Truss, 47, promised a radical shift in Britain’s economic fortunes, turning it into a low-tax, high-growth country that would unleash its post-Brexit potential.
In practice, “Trussonomics” was an utter failure and would become her political epitaph.
Her first finance minister, Kwasi Kwarteng, announced 45 billion pounds ($48 billion) in unfunded tax cuts, which saw the government’s cost of borrowing spiral, an emergency intervention from the central Bank of England and a reprimand from the International Monetary Fund.
Kwarteng was soon fired, and his successor, Jeremy Hunt, set about reversing almost all of the controversial policies. Despite the U-turn, Britain is still coping with the fallout from this plan, with record inflation and increased mortgage rates.

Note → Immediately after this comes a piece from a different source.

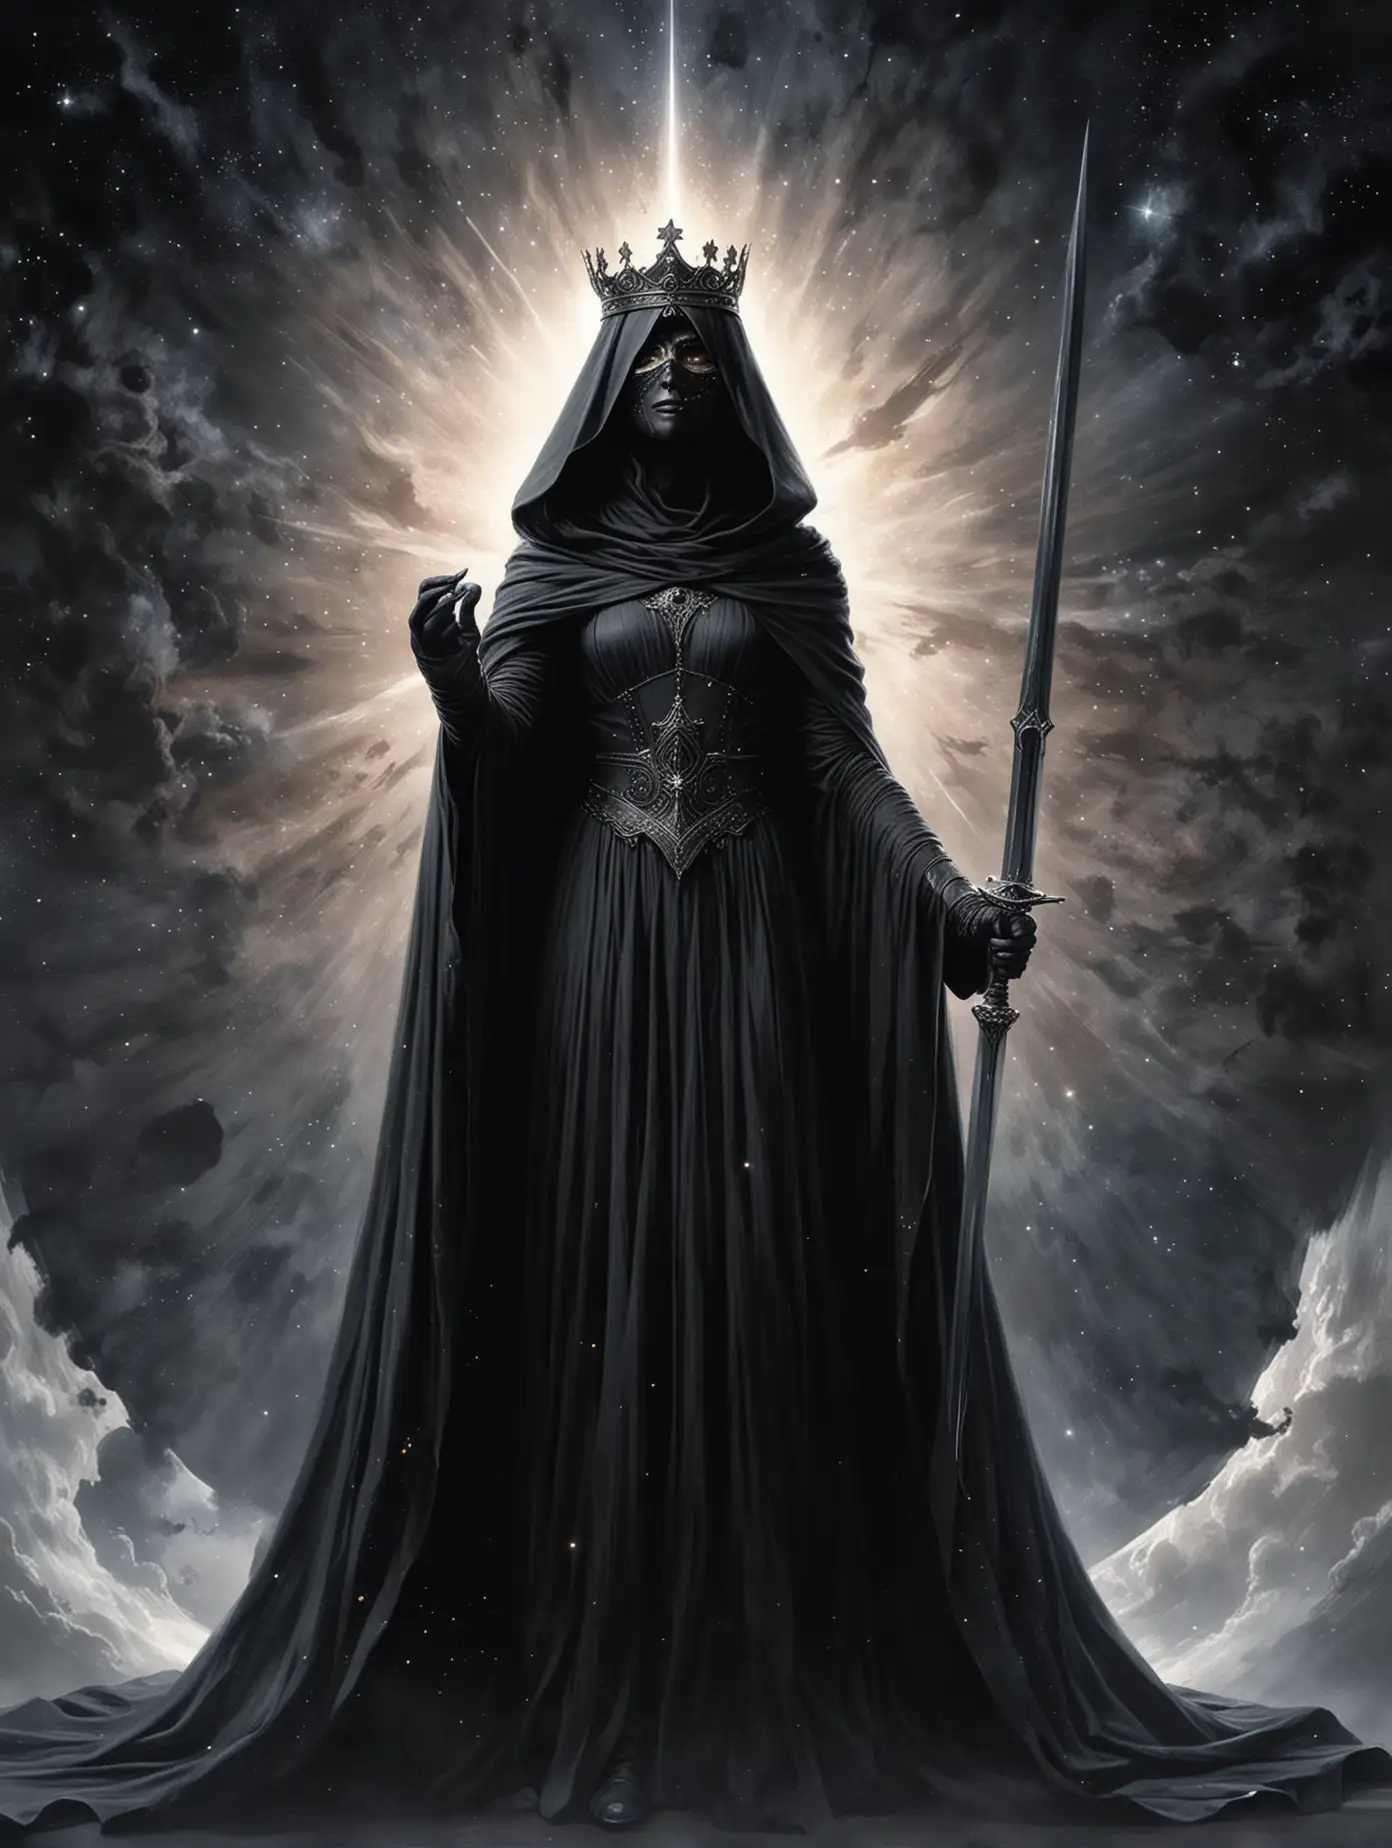 Sister-Geserit-Stands-at-the-Edge-of-a-Black-Hole-Wielding-a-Black-Sword

While in office, Truss became a figure of ridicule, compared unfavorably to a rotting lettuce in a blond wig in a tabloid newspaper stunt. Her personal approval rating fell to minus 70, according to pollsters at YouGov, making her the most unpopular party leader in British history. The opposition Labour Party soared in the polls as the ruling Conservatives Party sank.
Truss did not win a national election.
She won the Conservative Party leadership race and became prime minister by default: In Britain’s unwritten Constitution, the leader of the party with the most seats in the House of Commons is invited to head its executive.
Now the Conservatives, known as Tories, will begin the search for their fifth leader in six years, a sign of Britain’s tumultuous political life since the 2016 referendum on leaving the European Union.
Some Tories have cautioned against choosing their next leader without allowing the British people at large to have their say.
Most former prime ministers choose either to remain a backbencher — a member of Parliament without a government job who represents their district — or to resign, triggering a by-election.
Whether she continues to serve her constituency in southwest Norfolk in the east of England, or leave to do something completely different, remains to be seen.